STORED DATA below:
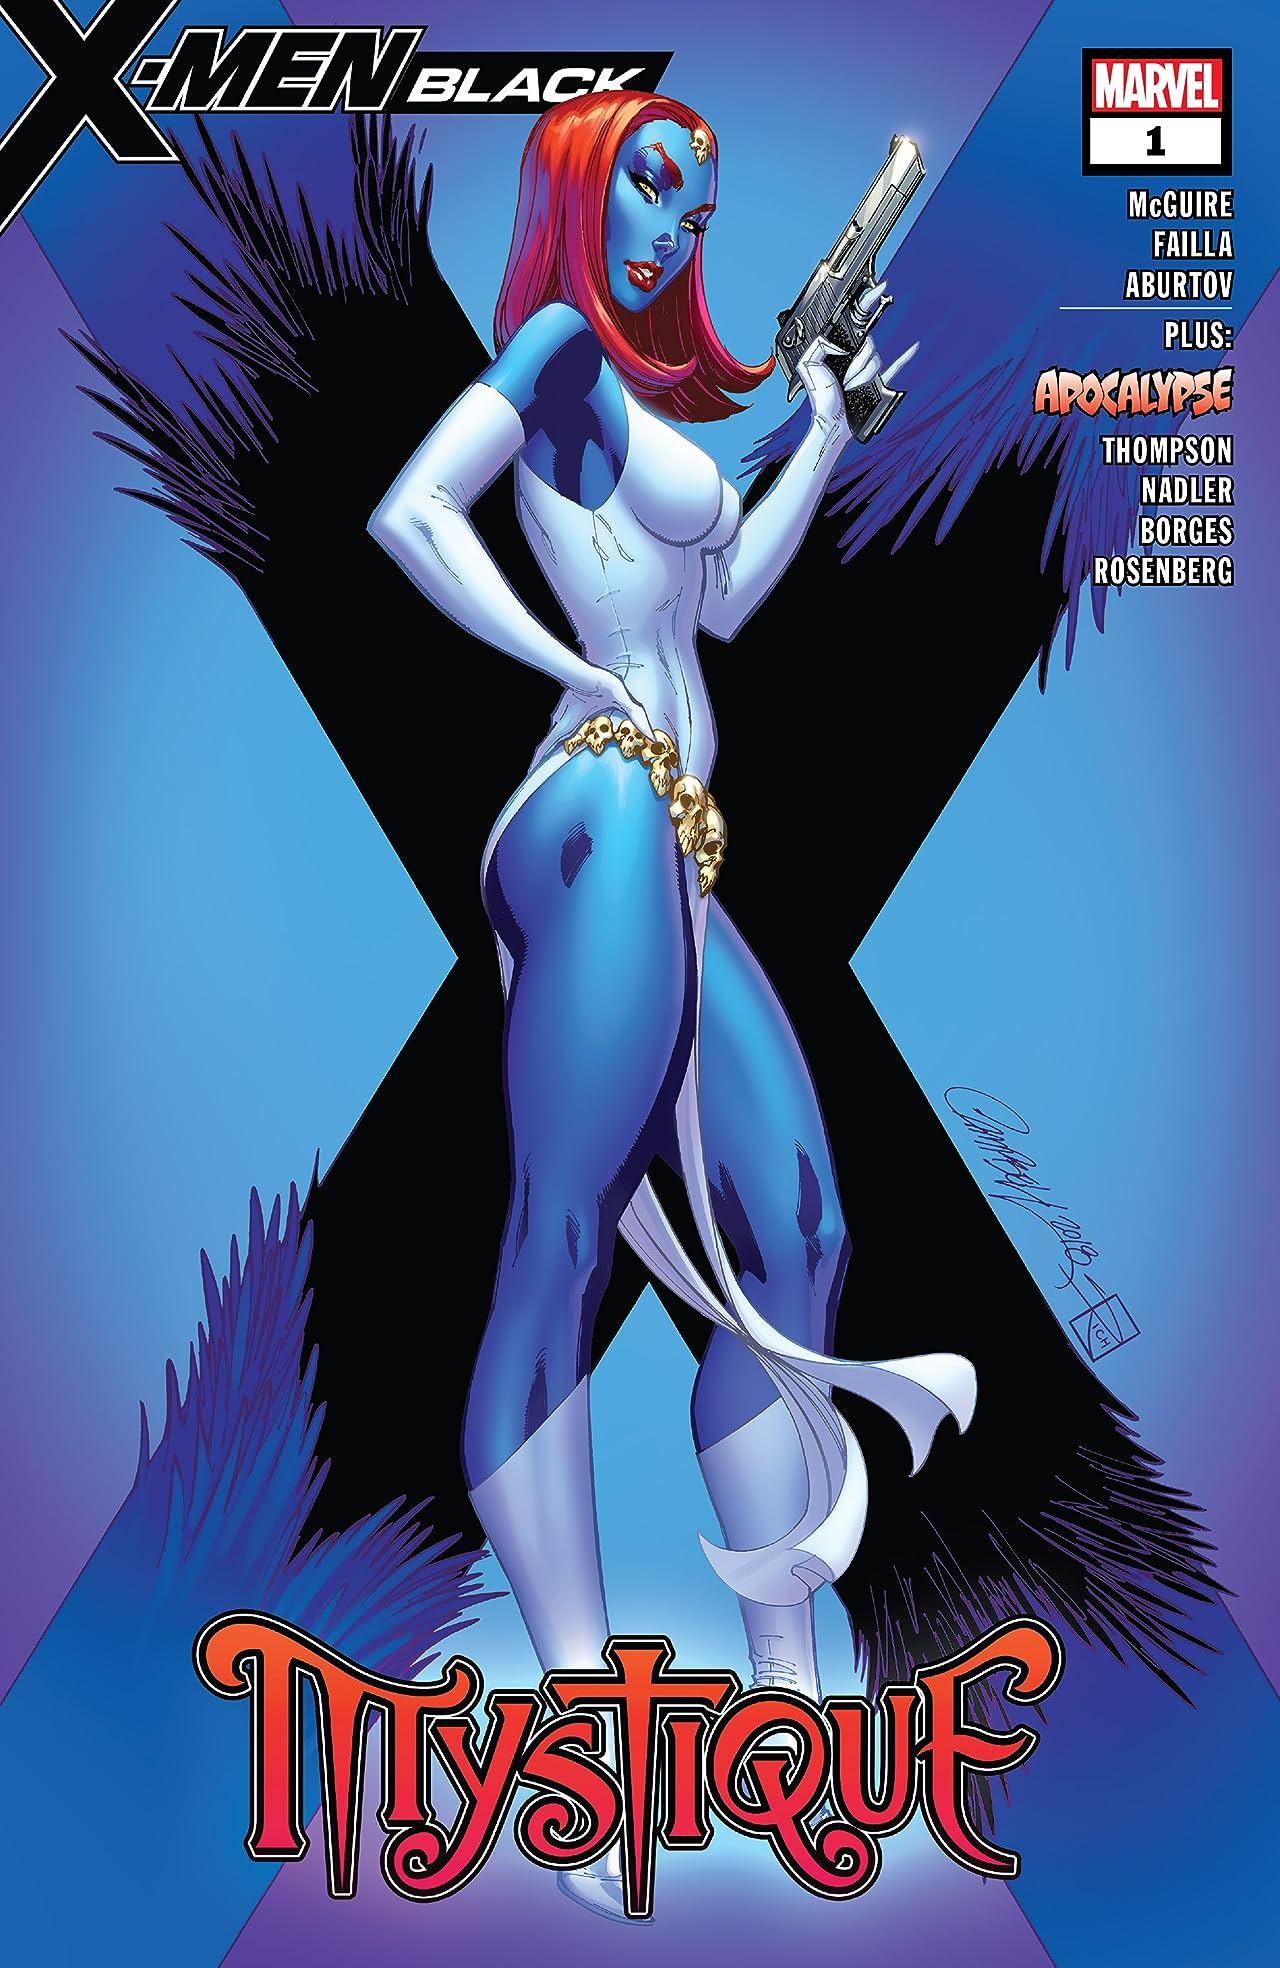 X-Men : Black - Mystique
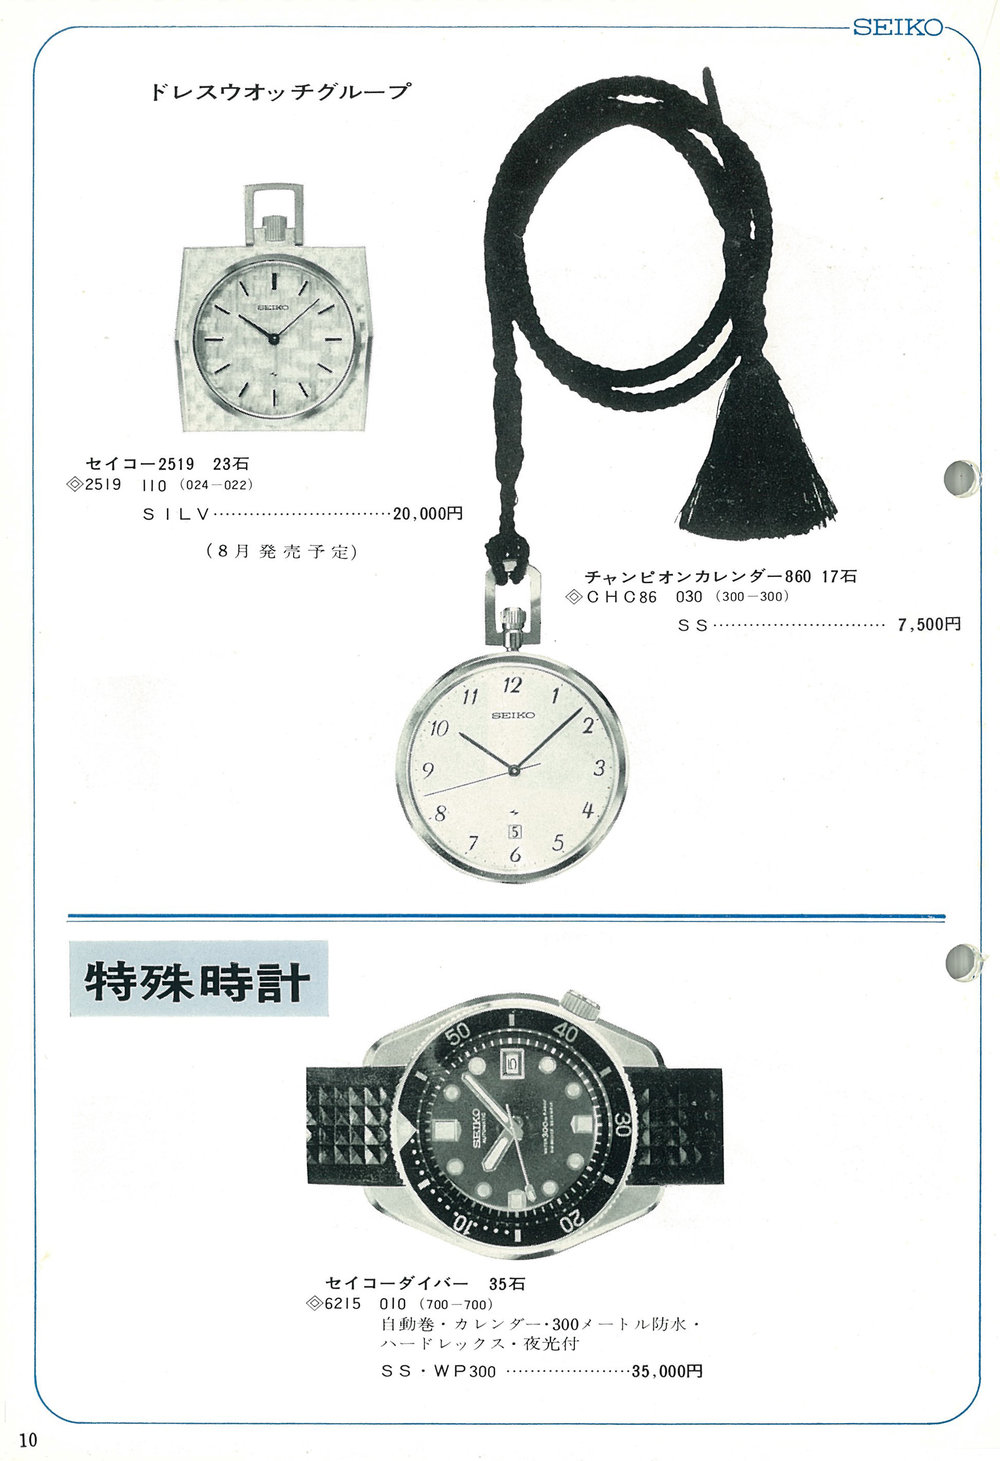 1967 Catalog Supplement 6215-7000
End of STORED DATA.
STORED DATA below:
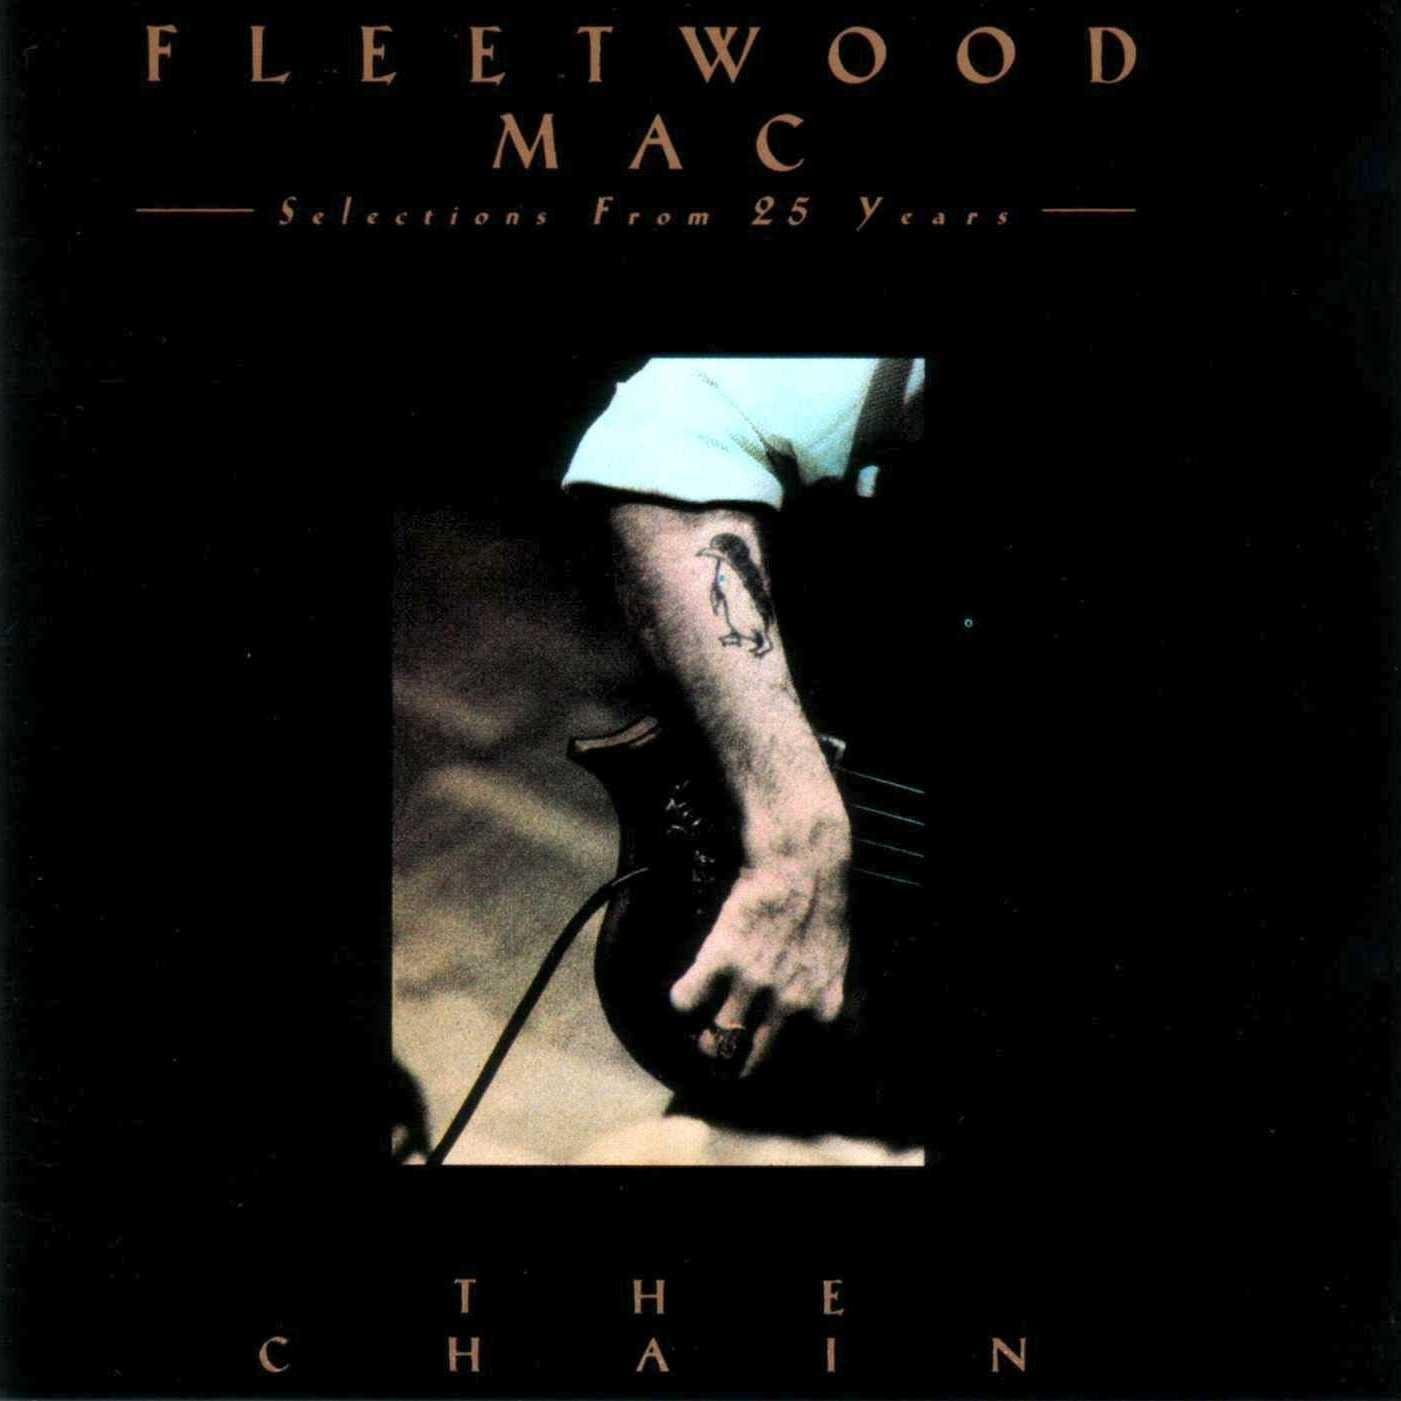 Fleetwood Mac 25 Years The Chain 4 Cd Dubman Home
End of STORED DATA.
**DIRECTIONS FOR THIS TASK:**
All lines above from the one containing "X-Men : Black - Mystique" up to and including the one containing "1967 Catalog Supplement 6215-7000" are to be set down exactly, and nothing else. Leave images out.

**THE COMPLETED TASK:**
 X-Men : Black - Mystique
 1967 Catalog Supplement 6215-7000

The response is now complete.